Имперские истории - Юрин Денис Юрьевич. Страница 4

– Как так закрыта? – захлопал длинными ресницами Пархавиэль. – С какой стати, кем закрыта?

– Мятеж там, – прошептал гному на ухо Нивел. – Южные земли провинции раньше Кольберу принадлежали, лет десять назад их Император отвоевал. Тамошние жители новыми порядками недовольны, смуту подняли, потом до резни дело дошло. Говорят, мятежников тайно кольберцы поддерживают. В провинцию несколько тысяч солдат введено, но повстанцы по лесам прячутся.

– И давно прячутся?

– Да уже с полгода, леса густые, недостатка в провизии и снаряжении нет. Думаю, еще лет пять-шесть заварушка продлится, а пока бои идут, никого в провинцию не пускают. У них, у военных, это еще словом таким странным, лекарским называется…

– Карантин, – подсказал гном.

– Вот-вот, карантин, – закивал головой Нивел. – Можно было бы, конечно, Мурьесу с юга обойти… через соседние королевства: Верток и Кольбер. Так, пожалуй, даже быстрей бы получилось. Там и дорога лучше, и погода… не чета нашей. – Для наглядности Нивел шмыгнул носом. – Но вот только Империя с ними враждует, границы закрыты.

– Да куда же мне теперь идти прикажешь?! Акхр вас всех задери с вашими дурацкими распрями! – выкрикнул рассерженный гном и в сердцах саданул мощным кулаком по табурету, отчего из крышки со звоном вылетело несколько гвоздей. – Там закрыто, здесь перекрыто, туда нельзя… Куда же бедному путнику податься?! Я ведь, дурак, думал, что самый короткий путь до побережья выбрал. Эх, нужно было через Наполис идти!
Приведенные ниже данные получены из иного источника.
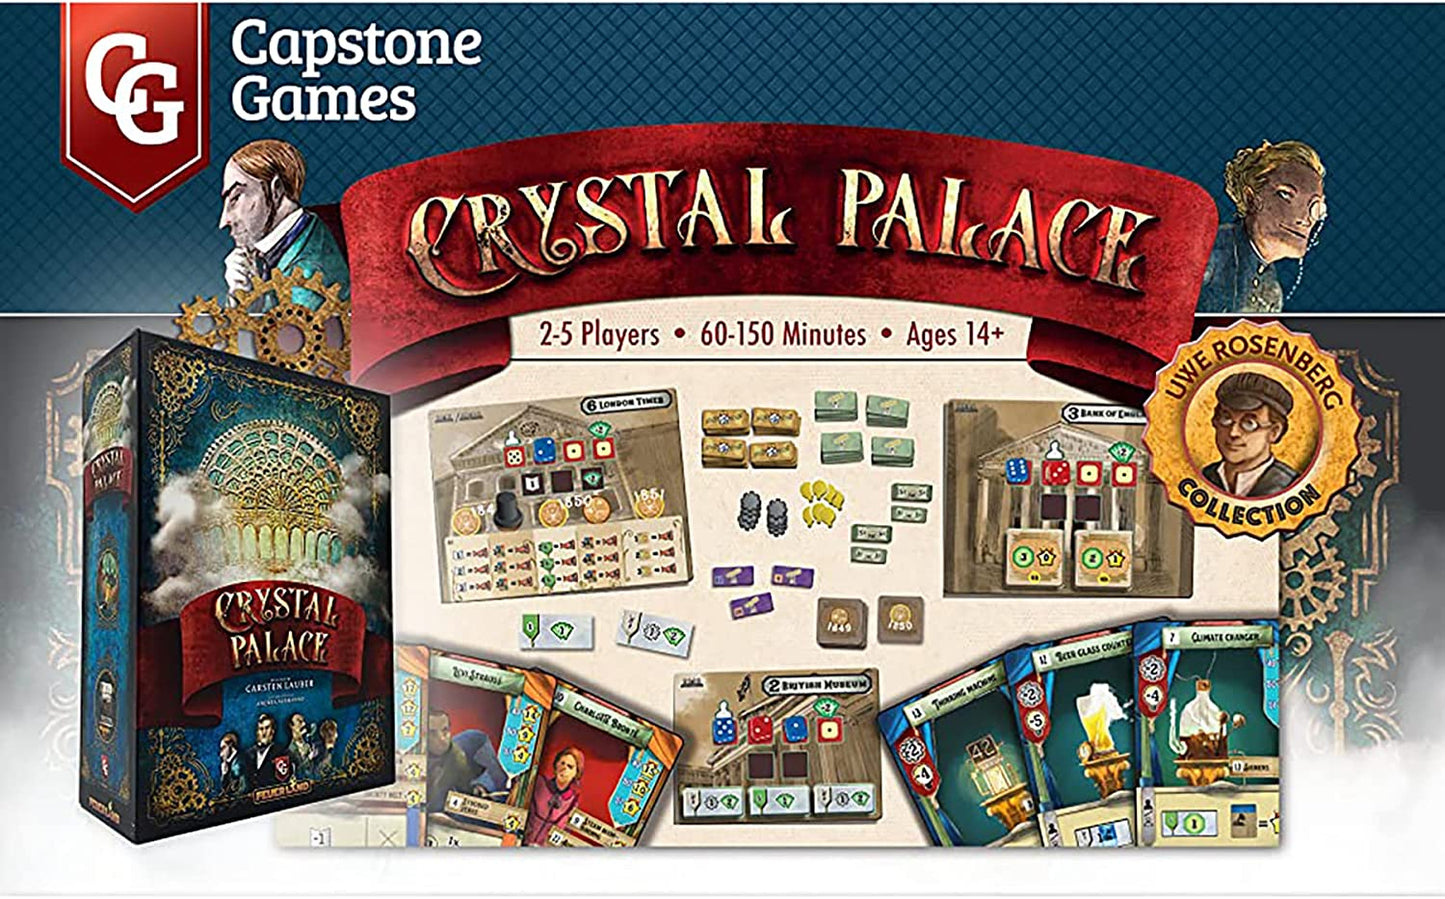 Crystal Palace info sheet

– Не скажите, господин гном, не скажите, – покачал головой не по годам осведомленный о политических играх советчик. – У наполийской королевской династии давняя вражда с филанийским двором, впрочем, как и с Империей. Все вы правильно сделали, иначе бы пройти вообще не смогли. Я вон тоже на юг иду, долго голову ломал, какой путь выбрать.

– Ну и?!

– В обход Мурьесы, через Самборию, Канию. – Нивел прочертил на карте большой полукруг. – Так, конечно, миль на двести длиннее выйдет, но зато дорога спокойна: досмотров нет, ни обысков, ни разбойников, ни патрулей…

– Дельно, – хмыкнул гном, про себя отметив, что для бедного мирного странника двести миль не крюк, пусть даже они имперские. – Если бы еще и дорогу знать, то есть встретить бы такого вот головастого паренька, как ты, который бы подсказал, когда налево свернуть, а когда направо податься; когда по дороге плестись, а когда леском сократить…

– Но я ведь тоже на юг направляюсь. – Нивел застенчиво улыбнулся. Уже давно никто не хвалил его, юноше этого весьма не хватало. – До юга Кании можем вместе идти, а там вы в Вакьяну, а я через Шению в Милокас подамся.

– Потом поговорим, а теперь дуй-ка отсюда, паря! – жестко и холодно произнес Пархавиэль, в глазах которого внезапно появилась звериная ненависть.

Нивел не сразу понял, почему произошла такая разительная перемена в поведении до этого момента добродушного, казалось бы, совершенно безобидного собеседника. Обернувшись, юноша увидел, как из-за одного из столов поднялись пятеро здоровенных парней и, пакостно ухмыляясь, направились в их сторону. Высокий винный градус сделал свое дело: деревенскому молодняку захотелось почесать кулаки. Драться между собой было скучно, со стражей – опасно, у любителей острых ощущений оставался всего лишь один вариант. Хоть гномов и считали опасными противниками, да к тому же приспешниками темных сил, численный перевес и безудержная жажда бойцовских подвигов заглушили у пропойц глас рассудка.

Уверенные в быстрой и легкой победе, а может, просто неспособные мыслить в глубоком подпитии, крестьяне даже не удосужились окружить лестницу, чтобы обеспечить простор для своих действий и не дать жертве возможности пуститься наутек. К великому удивлению окружающих, прекративших разговоры и с интересом следивших за разыгравшимся у них на глазах спектаклем, гном и не собирался спасаться бегством. Вместо того чтобы попытаться добраться до стола стражников, которые, возможно, встали бы на его защиту и призвали бы смутьянов к порядку, Пархавиэль ловко спрыгнул с пивного бочонка и, потирая на ходу костяшки кулаков, решительно направился навстречу сбившимся в кучу крестьянам.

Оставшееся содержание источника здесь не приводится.